DISPUTA PELO PODER A Lava Jato avança e as principais forças políticas do País lutam para sobreviver. PMDB joga pesado para se manter no governo, enquanto PT, também acuado por denúncias, aposta na figura do ex-presidente Lula como estratégia de defesa – o que acirra ainda mais o embate e polariza opiniões. O PSDB, rachado, também se ocupa em explicar acusações. Sobra pouco espaço para uma transição pacífica que conduza às eleições de 2018.

 

VÁCUO DE LIDERANÇAS A ausência de personagens com legitimidade e “acima de qualquer suspeita” para conduzir uma transição política complica a saída do Brasil da crise. Nos últimos meses, ensaiou-se buscar no Judiciário uma solução “neutra” para o caso, mas sem sucesso.

ASSIMETRIA ENTRE OS PODERES Para cientistas políticos ouvidos pelo O POVO, há hiperconcentração de poder nas mãos do Executivo, o que atrapalha o equilíbrio entre as instituições. A assimetria ocorreria tanto no poder do presidente de interferir na composição das cortes judiciais quanto na relação com o Legislativo. Nesse último ponto, o presidencialismo de coalizão, as negociações em busca de governabilidade e o trânsito entre Executivo e Legislativo criariam problemas estruturais que levam a constantes crises.
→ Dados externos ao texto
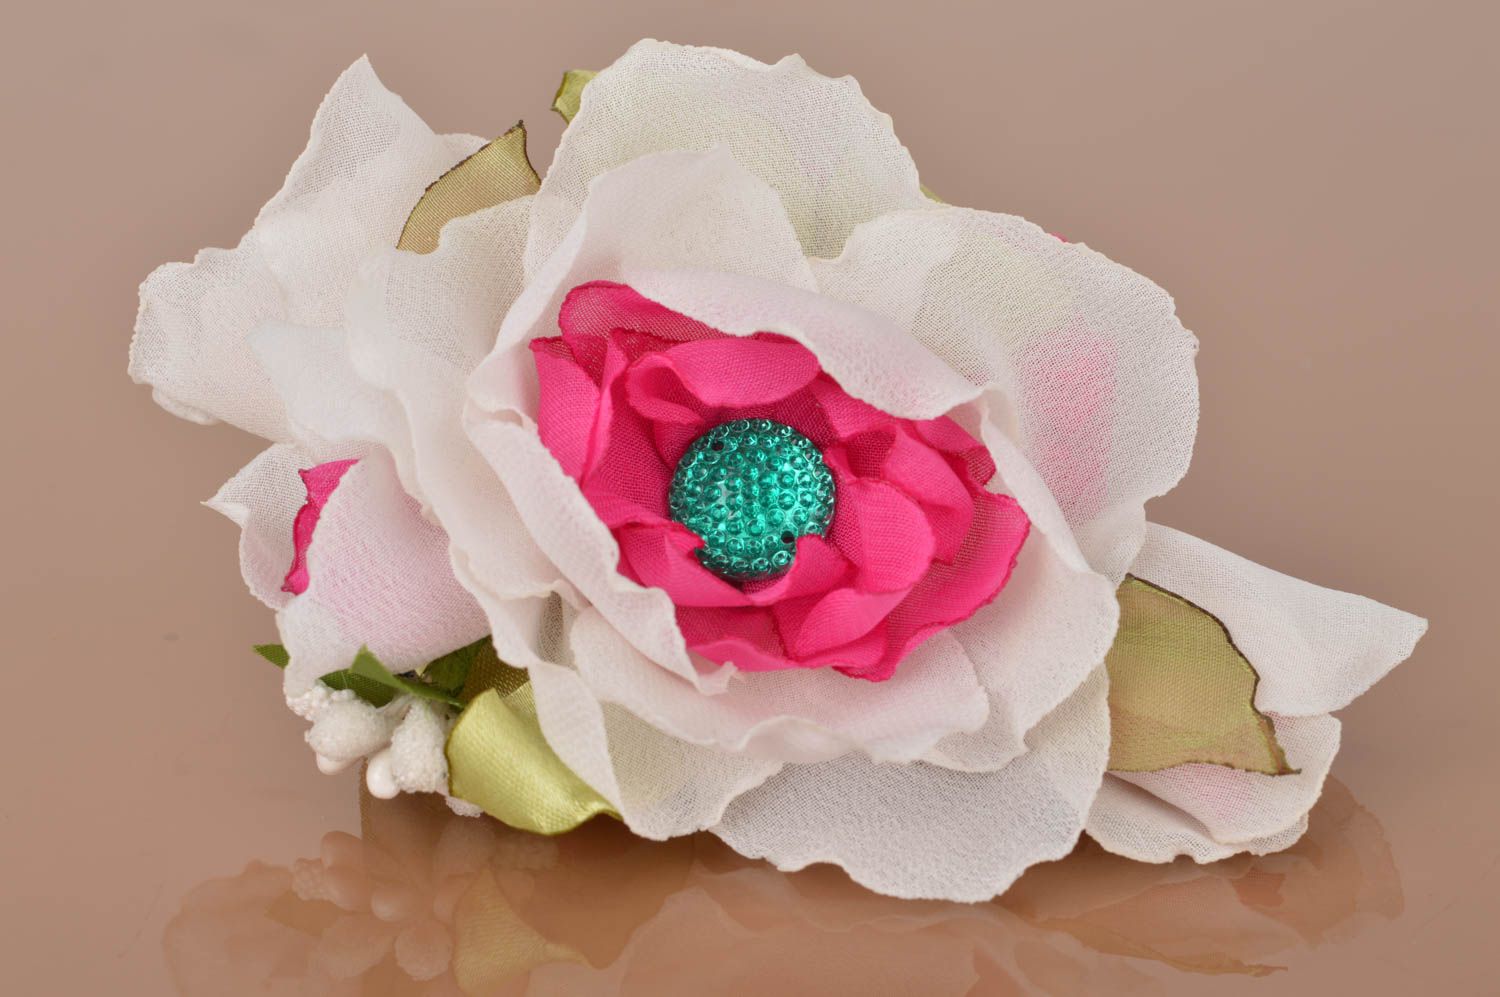 Broche artesanal original de chifón con forma de flor voluminosa de autor  foto 2

CADÊ A REFORMA POLÍTICA? Mudanças estruturais no sistema político andam a passos lentos e de forma fatiada no Congresso Nacional. Questões como financiamento de campanha (uma das principais brechas para a corrupção), coligações partidárias e modelos de eleições proporcionais, por exemplo, têm ficado em segundo plano, diante da agenda econômica discutida no Legislativo e da crise política aguda. Para analistas, a dificuldade de se chegar a soluções para esses e outros pontos contribuem para ciclos permanentes de crise política e institucional.